2. Equity Index Investing. The stock of only one company (General Electric) was a member of the Dow-Jones Industrial Average a century ago. By definition, the DJII always contains thirty leading stocks; others have been replaced many times. It takes a long time to become a household name, and by the time an investor has heard the name, it is often ready to decline. Active investing, meaning sell one to buy another, was once quite necessary for success. Unless fading leaders are replaced by new leaders, however, the average would fall behind, But it is easy to see the average has moved steadily upward, so it must be actively managed by someone.
If you are careful to avoid the spongers and the fly-by-nights, the investment world is rapidly changing, mostly for the better. To some extent, this reflects a flight from the bond market which governments deal with, but most investors now think total market index funds are safer. When the Federal Reserve forces banks to buy its bonds through "Quantitative Easing", the supply of bonds goes up and so the price goes down. "Passive" investing is certainly easier for the small investor to deal with, and investors are responding.

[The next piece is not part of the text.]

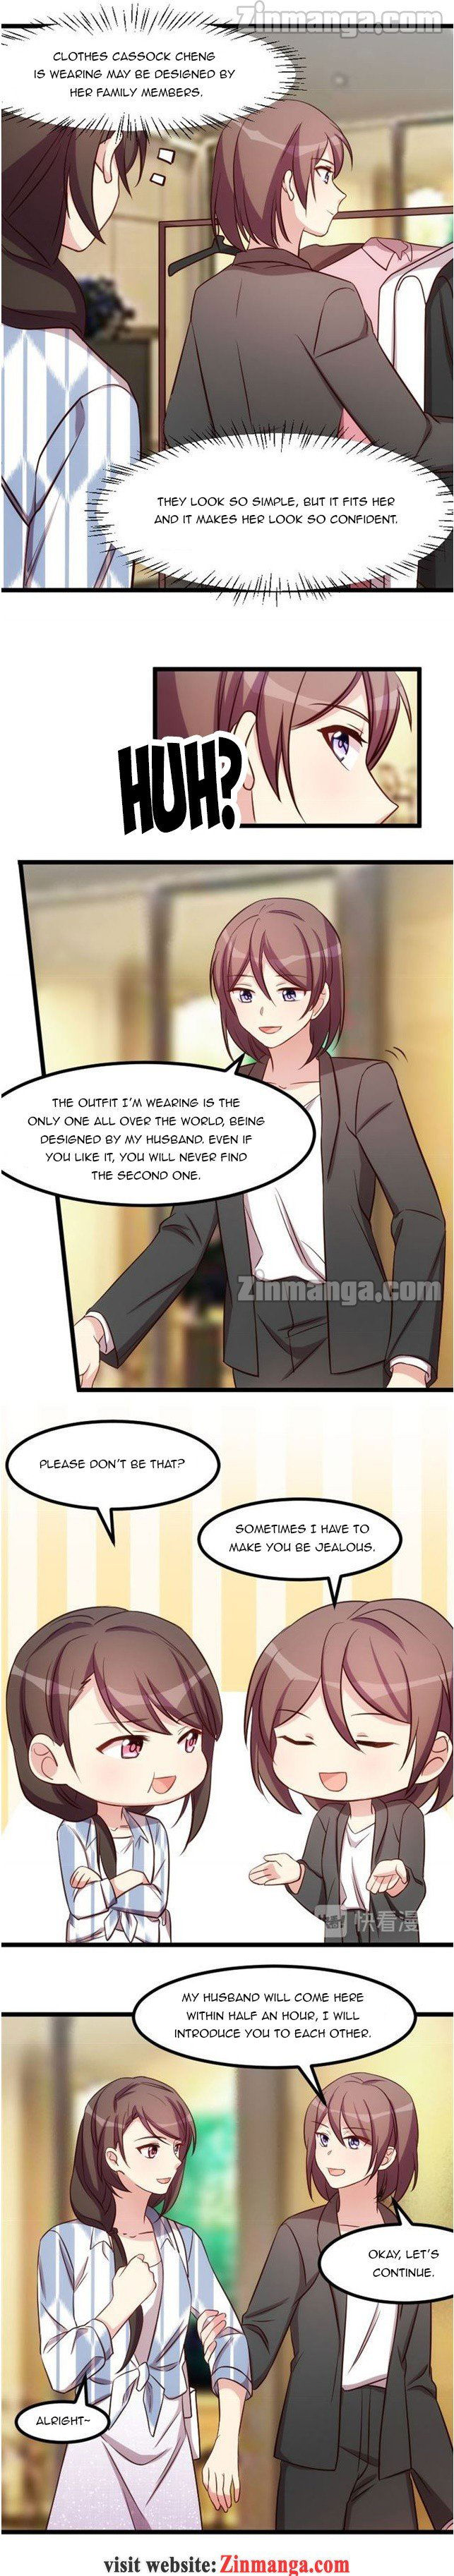 CEO's Sudden Proposal Chapter 203 page 3
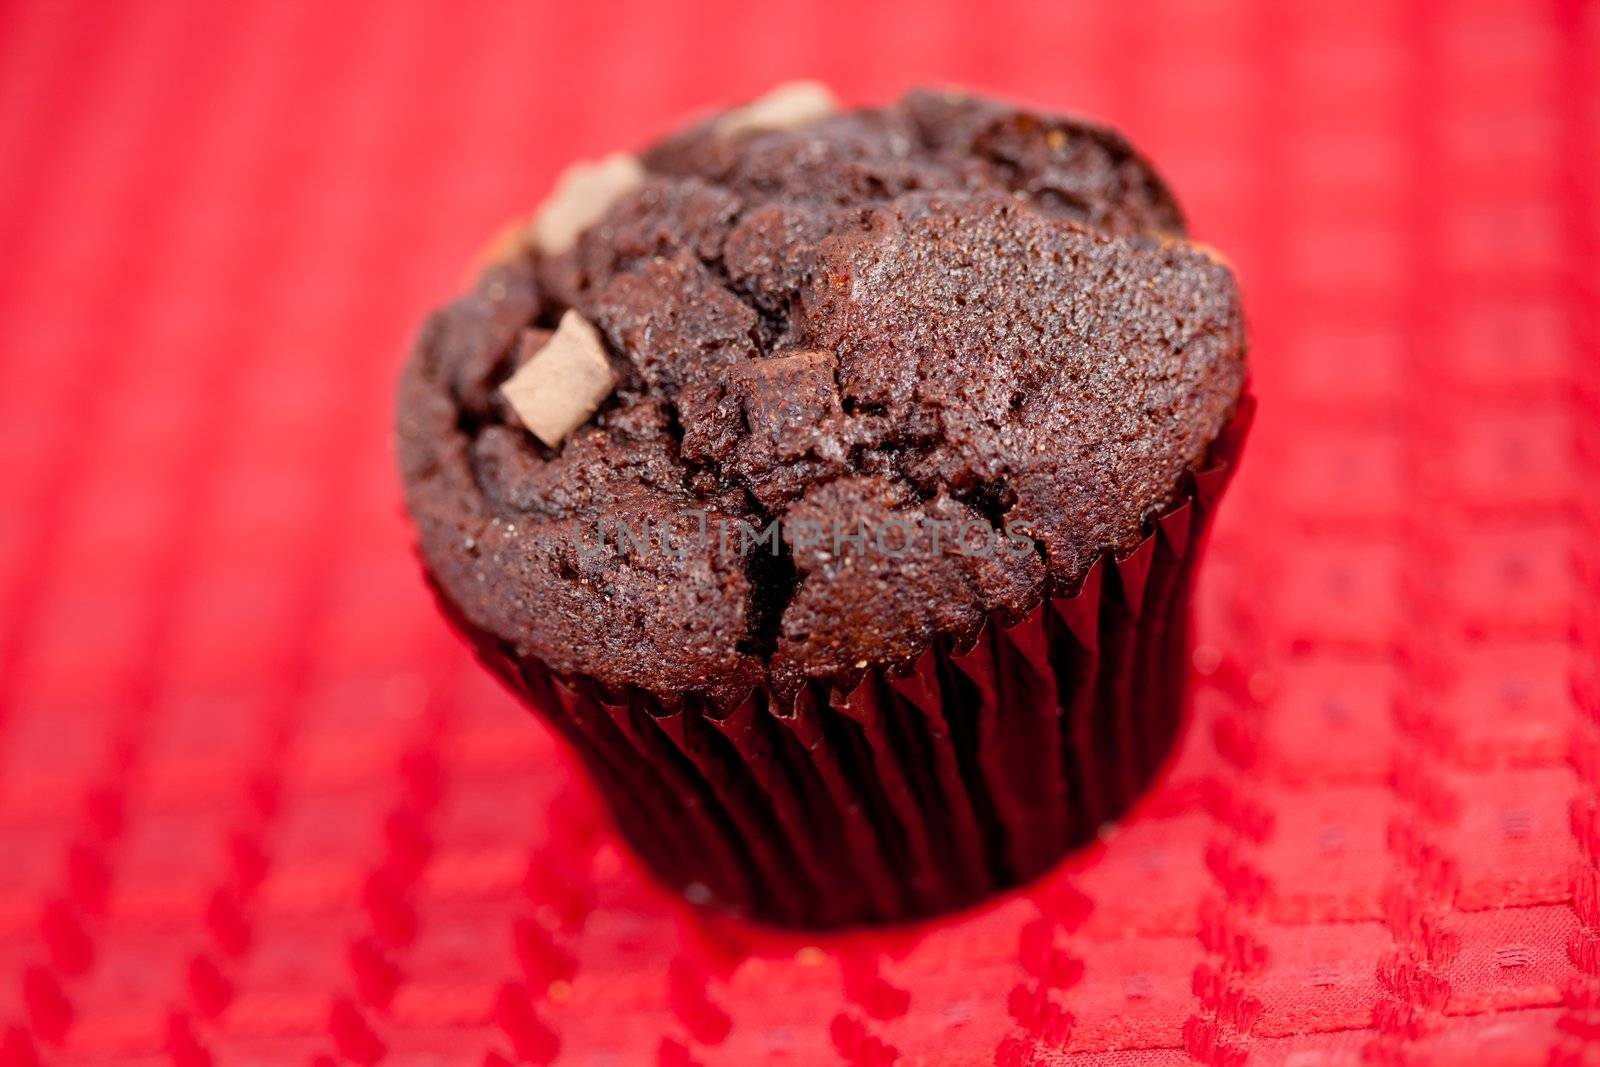 Chocolate muffin on a tablecloth by Wavebreakmedia

Later we will try to take advantage of one obvious flaw in such investing. If a single investment represents thousands of companies, investor control is diluted to meaninglessness. The only effective control over management then resides in the shares which are not held by funds; and even there, more and more corporate control rests with insiders and managers. The effect of such a trend is not merely that manager salaries are inflated, but the corporation becomes less responsive to the consumer public. Its legitimate business plan is to make a profit, but to make a short-term profit at the expense of long-term profits is not so defensible. Because of the corporate shield, many corporations borrow too much, risk too much, and collapse too often, but their managers often walk away with riches. If Health and Retirement Savings Accounts really get popular (at last count, they only had thirty billion dollars invested), its counterweight of stock ownership should help restrain consumer prices. Nevertheless, experience seems to show that competition between companies has been a more effective guardian of public interest, than stockholder control of individual competitors.
HSAs collect money when it is not needed, spend it decades later when it is badly needed, and invest the money during the interval, tax-free. The longer the interval, the more it earns. And with careful application of the principles of compound interest and index investing, the earnings are considerably magnified. If your Christmas Savings Fund earns more money, it reduces the effective cost of what you buy. But if you are careless, investment fees and inflation will ruin everything. So that, in sum, is another message.